6. Playwright CLI — Browser Automation That Actually Scales

I used Playwright MCP for a month before switching to the Playwright CLI. The switch saved me roughly 75% of the tokens I was burning on browser automation tasks. That's not a typo.

Here's what's happening under the hood. Playwright MCP returns accessibility trees inline in the tool response — so every action the agent takes comes back with a verbose snapshot of the page structure glued to the response. On a moderately complex page, a single click plus snapshot can run 5,000 to 10,000 tokens. Across a full automation sequence, you're easily into six figures.

The Playwright CLI approach works differently. The CLI saves snapshots and screenshots to files on disk. The agent invokes CLI commands, reads only what it needs from the saved files, and references the rest by path. Actual benchmark from testing I've seen: a browser automation task that consumed ~114,000 tokens with MCP dropped to ~27,000 tokens with the CLI. Roughly 4x reduction, consistent across multiple runs.

What I use Playwright CLI for: end-to-end test generation against real apps, scraping sites that Firecrawl can't handle (usually because they require complex multi-step login flows), and building visual regression checks for front-end work. The accessibility tree approach means Claude Code can reference elements by role and name — "click the Save button" — instead of guessing pixel coordinates from screenshots. It's precise, deterministic, and cheap compared to pixel-based automation.

Bonus detail nobody tells you: Playwright CLI integrates cleanly with skills. You can build a skill that wraps a common automation flow — login, navigate, extract, logout — and call it from any Claude Code session without reloading the whole Playwright tool schema. That's how I run my content distribution automation across multiple social platforms.

7. Notebook LM + Pine CLI — Offloading Heavy Reading

I didn't expect this one to make the list. I started using Notebook LM as a separate tool for research projects — upload a batch of PDFs, let Google do the heavy lifting on document analysis, ask questions in the web UI. It worked well as a standalone tool but felt disconnected from my Claude Code workflow.

The Pine CLI changed that. It's a command-line interface that connects Claude Code to the Notebook LM web app for programmatic access — batch document uploads, slide revisions, full-text extraction, and automated sharing. The strategic value isn't just the convenience. It's that Notebook LM's analysis runs on Google's servers, not against my Claude API quota. That means I can throw hundreds of pages of reference material at a research project without inflating my Claude Code token usage.
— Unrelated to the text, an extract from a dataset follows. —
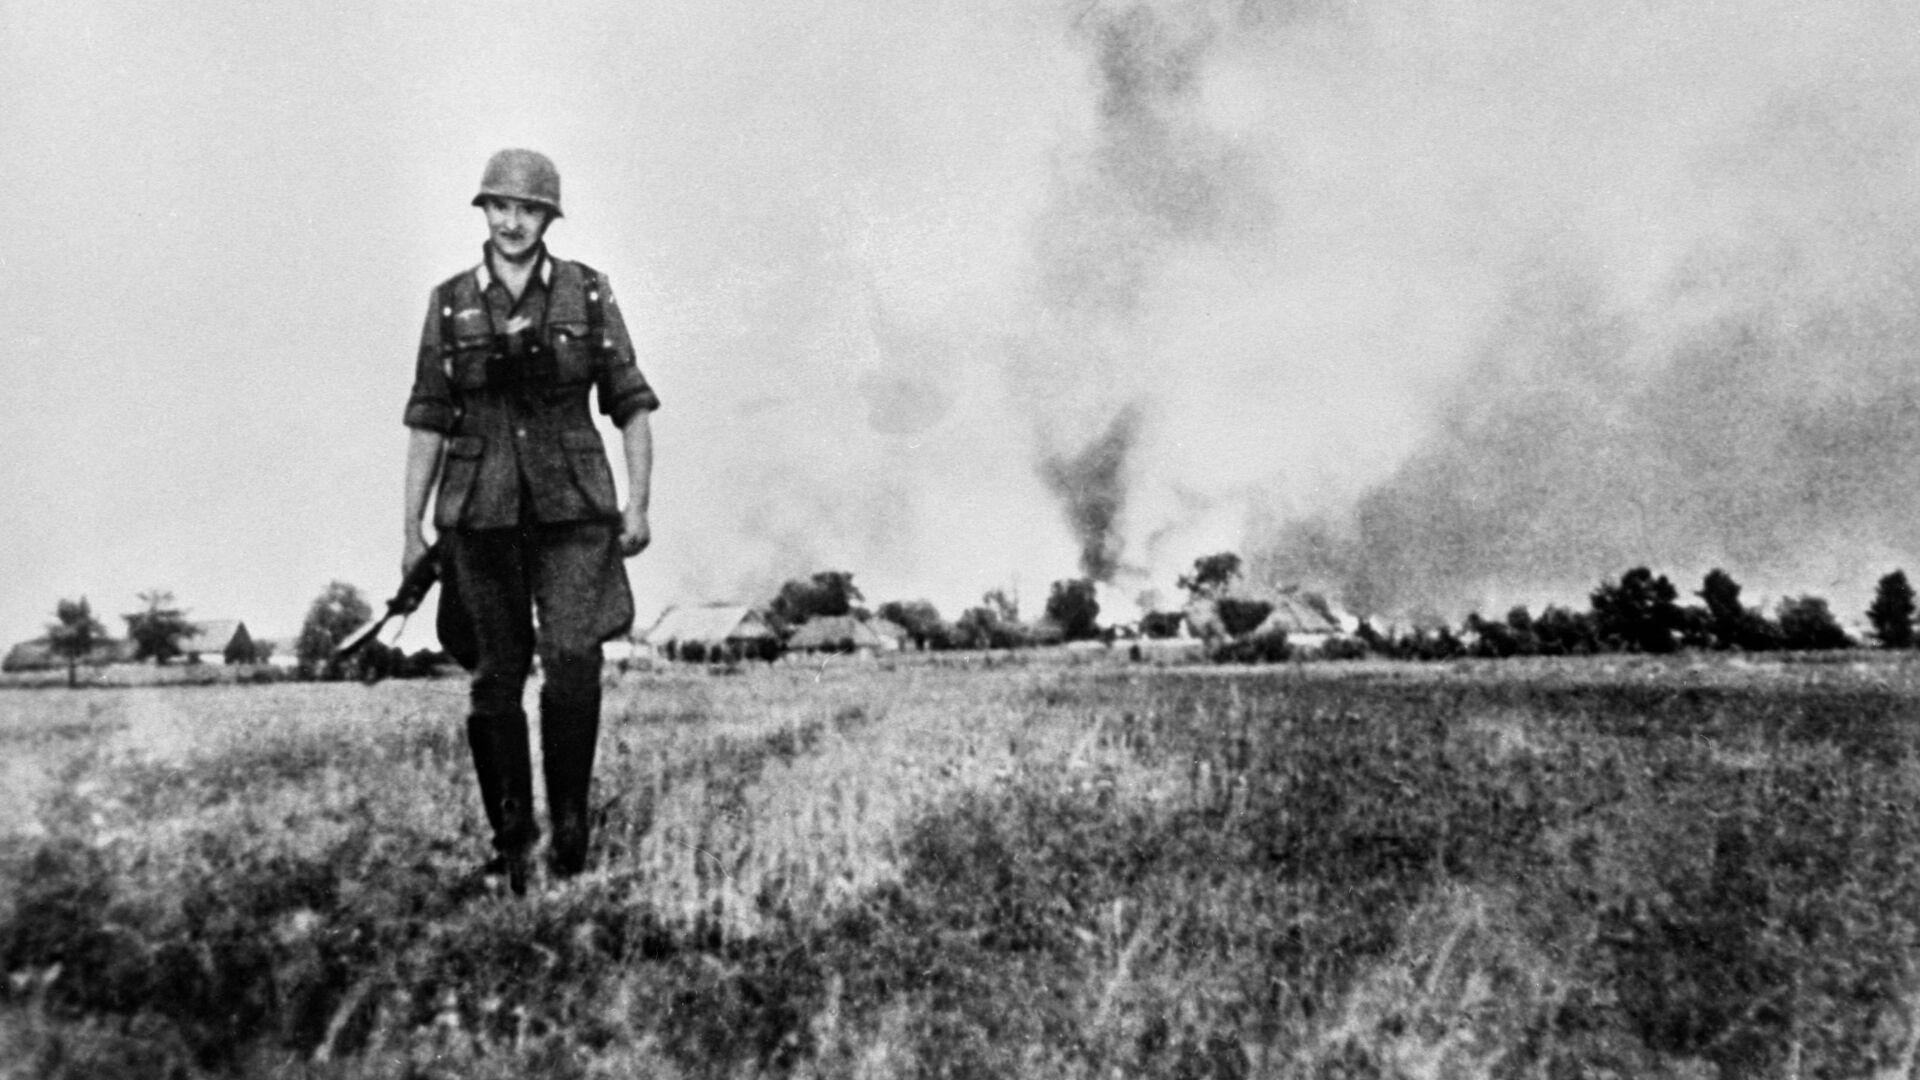 Великая отечественная война 1941-1945 гг. Гитлеровский солдат - РИА Новости, 1920, 26.11.2020

The workflow I've settled on: for any project with a heavy reference corpus — a client's existing documentation, a regulatory framework I need to understand, a codebase I'm auditing — I upload everything to Notebook LM via Pine, run the initial analysis and summarization there, and pull the compressed outputs back into Claude Code for the actual implementation work. Claude Code never has to load the full corpus into context. It only sees the distilled insights.

I walked through this hybrid workflow in my Notebook LM Claude Code dev workflow post, and I think it's one of the most underrated patterns in 2026. The meta-lesson: not every task should run through your primary agent. Sometimes the right move is offloading the analysis to a tool that's better suited to heavy reading, then feeding the results back in.
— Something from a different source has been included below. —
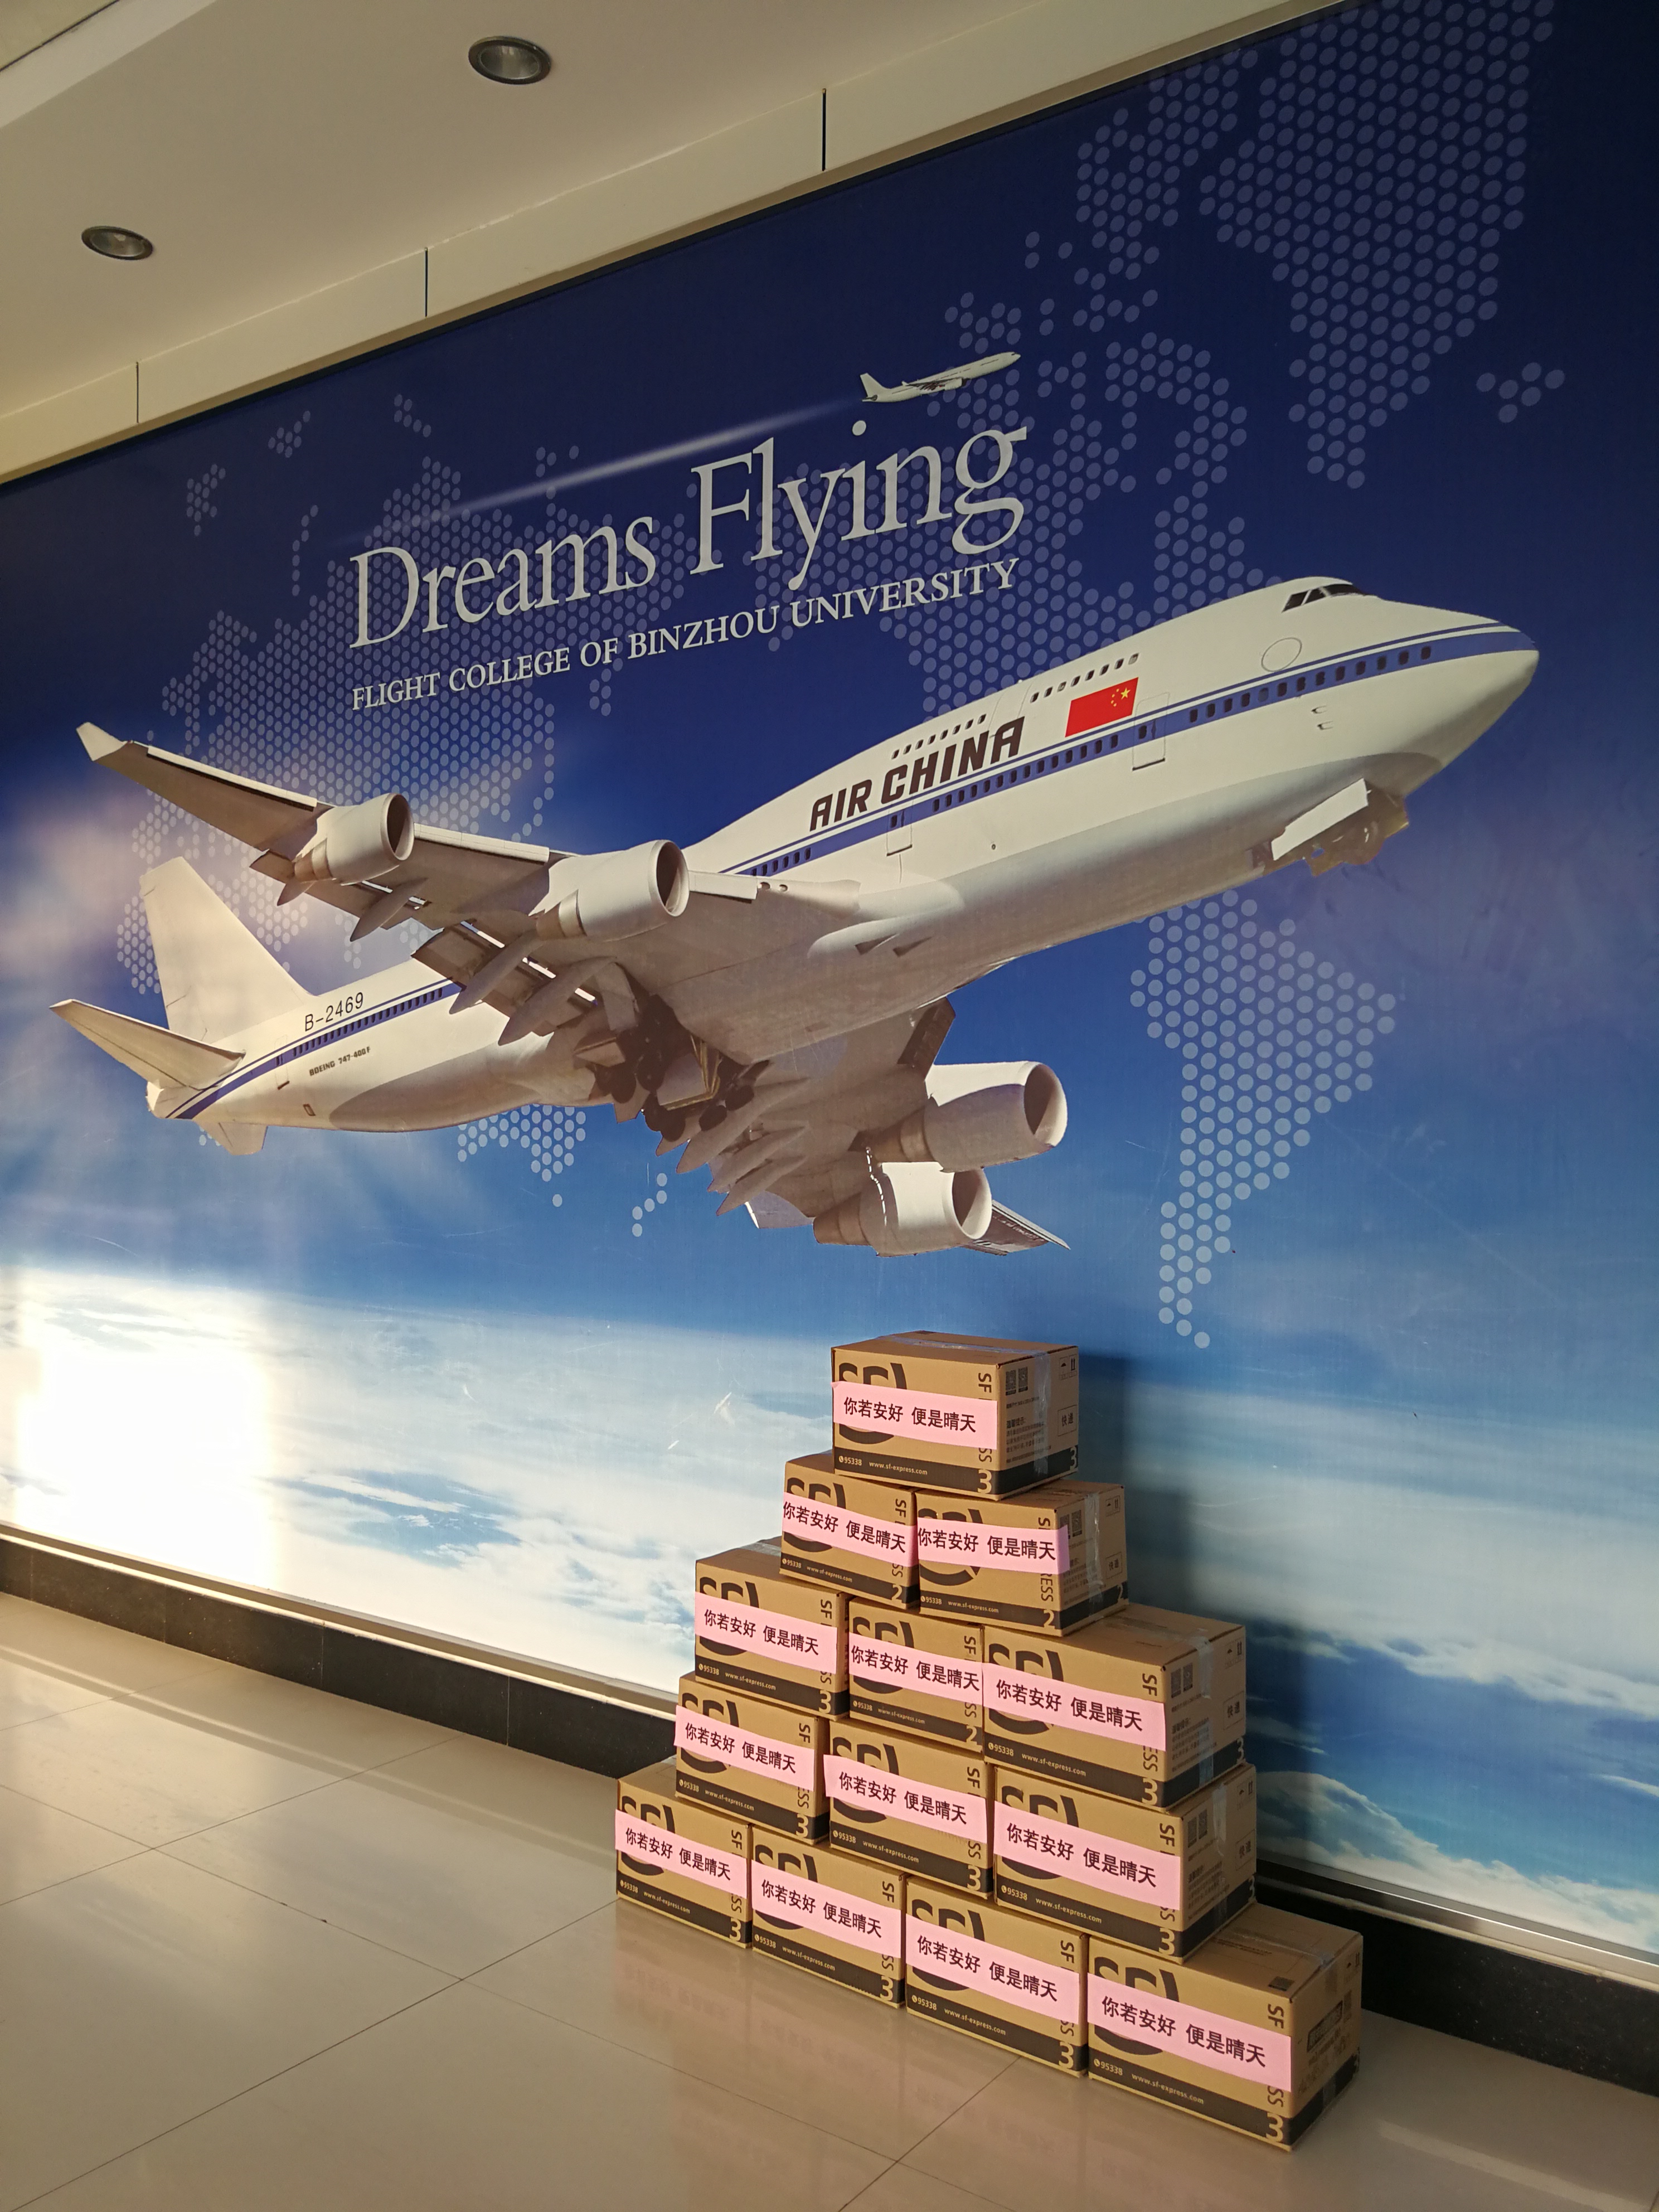 滨州学院飞行学院192名海外训练学员向家乡报平安

8. Skill Creator Skill — The Meta-Skill That Changes Everything

This is the entry I promised would be underwhelming until you understood it. Skill Creator is a meta-skill — a skill whose entire purpose is to create, benchmark, and A/B test other skills.
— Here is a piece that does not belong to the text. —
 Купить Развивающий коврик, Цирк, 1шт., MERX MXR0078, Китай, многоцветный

Here's why that matters. The moment you start building custom Claude Code skills for your own workflows, you run into a quality measurement problem. How do you know if version two of your skill is actually better than version one? You think it is. The outputs feel better. But "feels better" isn't a number you can optimize against, and without real measurement, you end up iterating on vibes. I did this for months and it cost me. Some of the skills I thought I was improving were actually getting worse on real tasks — I just didn't have the evidence to see it.

The Skill Creator skill gives you a structured framework. You define the skill's purpose. You define a test set of representative inputs. You define a scoring rubric — what "good" output looks like in measurable terms. Then the skill runs both versions against the test set, scores the outputs, and tells you which version wins, by how much, and on which specific inputs. Quantitative data instead of gut feel.

I run every custom skill I build through this process now. It catches regressions I'd never have spotted manually. It tells me when a "small tweak" actually made things worse. And because it's integrated with the Claude Code marketplace via the /plugin command, the setup is trivial — no external tooling, no custom benchmarking code, no spreadsheets.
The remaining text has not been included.